There are many ways to determine organizational problems, and some strategies to resolve the conflict are focused on collaboration and communication. Twigg and McCullough (2014) recommend the development of collegial relationships as one of the possible approaches to reduce the negative outcomes of conflicts. This type of relationship can be improved with the help of interdisciplinary meetings, collaborative practices, and legally approved protocols (Twigg & McCullough, 2014).

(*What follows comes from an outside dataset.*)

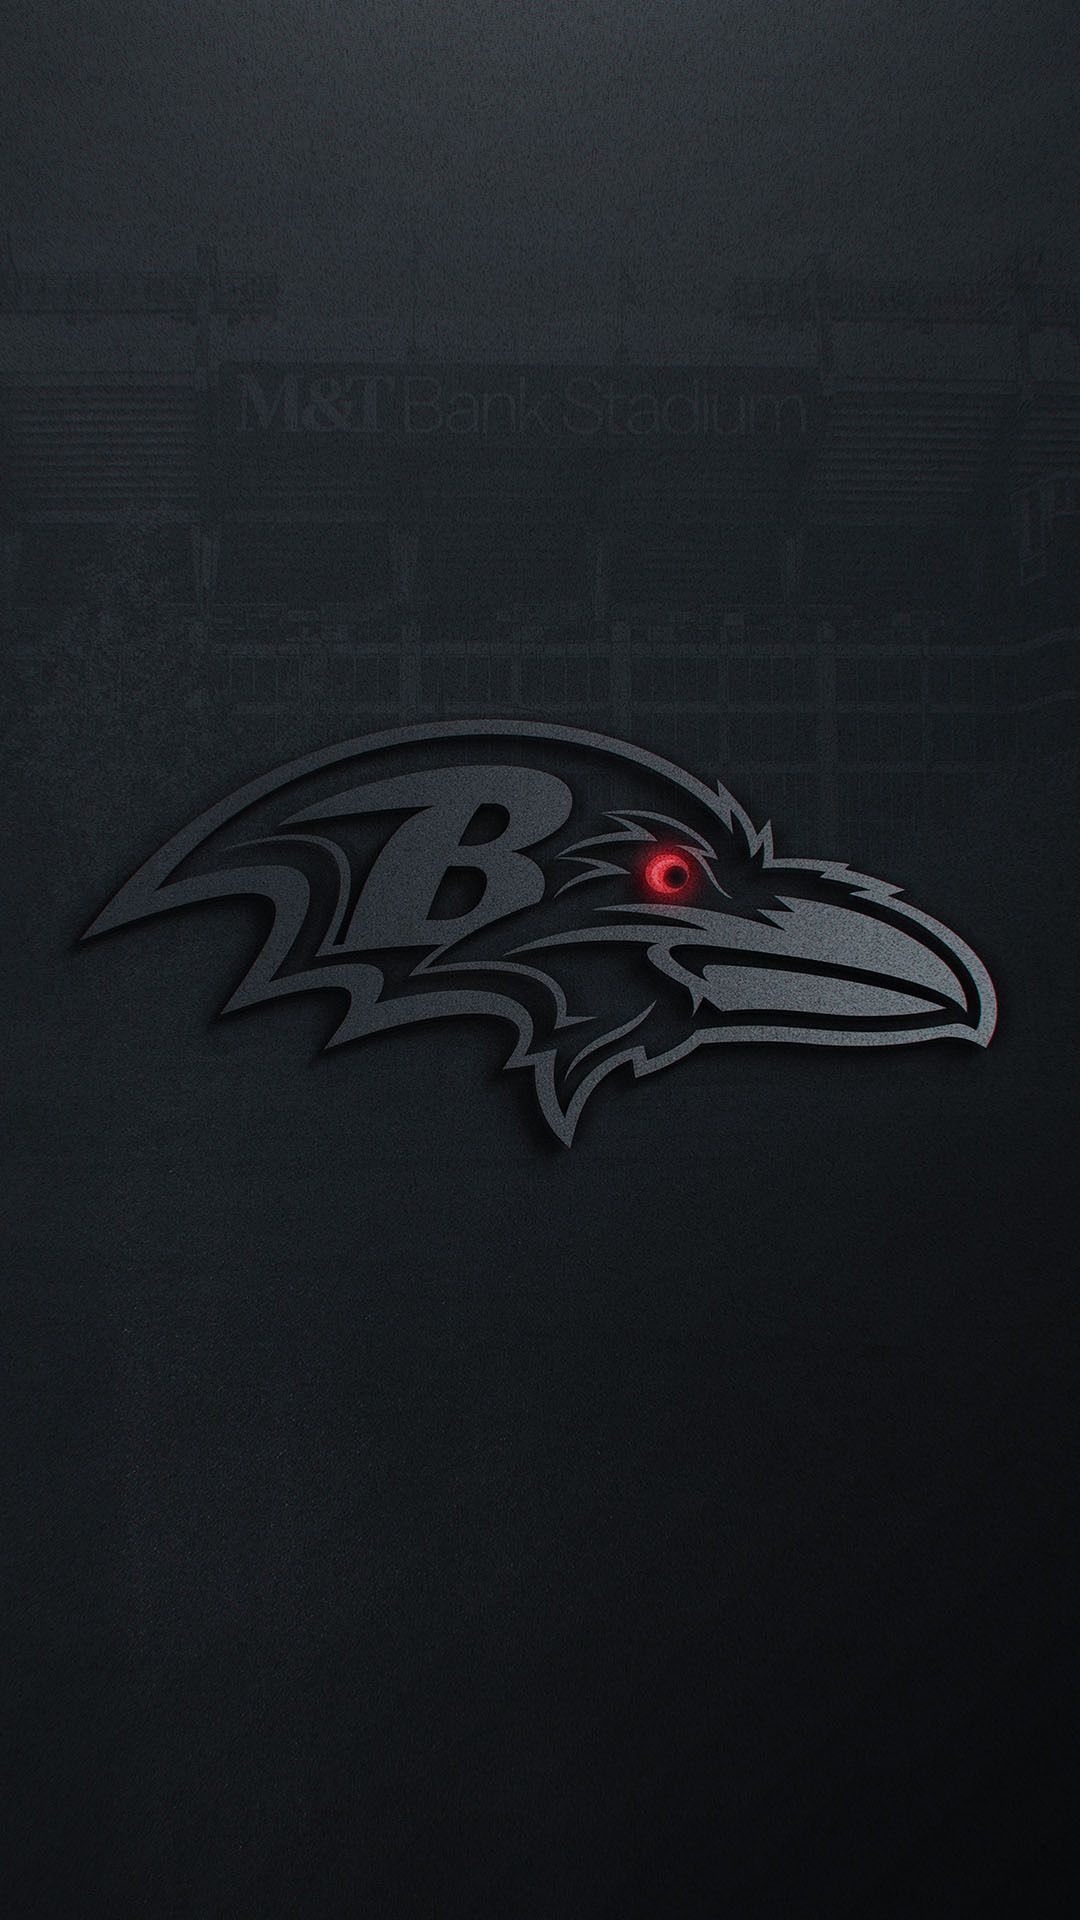 Ravens Wallpapers | Baltimore Ravens –

Role modeling and honest communication are the methods introduced by Grubaugh and Flynn (2018). This strategy aims at developing effective decisions and recognizing the resources that play a crucial role in the delivery of emergency care. Finally, the improvement of special skills through training and coaching is an obligatory step for nurses and other medical workers (Johansen & Cadmus, 2015). In total, conflict resolution has to be organized in three main stages: open communication, recognition of resources, and future training.
In this case, collaboration with a nurse leader is essential for reaching a consensus and evaluating the conflict. A leader has to recognize and explain the mistakes different team members make in regards to care that is offered to patients. A leader should stay unbiased to every party in the conflict. Finally, a nurse leader usually does not have access to the whole care process but observes the backgrounds and results. Such awareness helps to make the right and objective decisions.
In general, the experience with such an organizational conflict in one of the hospitals in Miami is a good chance to learn what nurses should and should not do. Emergency care units are complex, and effective collaboration between the departments is the key to positive care outcomes. Sometimes, it is hard to discuss all concerns openly, and nurses make the decisions that question their professionalism or the experiences of other medical workers. Conflict resolution should not be spontaneous and thorough research and evaluations can be helpful in this case. The strategies that include communication, training, and role distinguishing can be used by nurses in their intentions to reduce the number of organizational conflicts in their settings.
Grubaugh, M. L., & Flynn, L. (2018). Relationships among nurse manager leadership skills, conflict management, and unit teamwork. The Journal of Nursing Administration, 48(7/8), 383-388. Web.
Johansen, M. L., & Cadmus, E. (2015). Conflict management style, supportive work environments and the experience of work stress in emergency nurses. Journal of Nursing Management, 24(2), 211–218. Web.
Mercy Hospital. (2018). Emergency care. Web.
Twigg, D., & McCullough, K. (2014). Nurse retention: A review of strategies to create and enhance positive practice environments in clinical settings. International Journal of Nursing Studies, 51(1), 85–92. Web.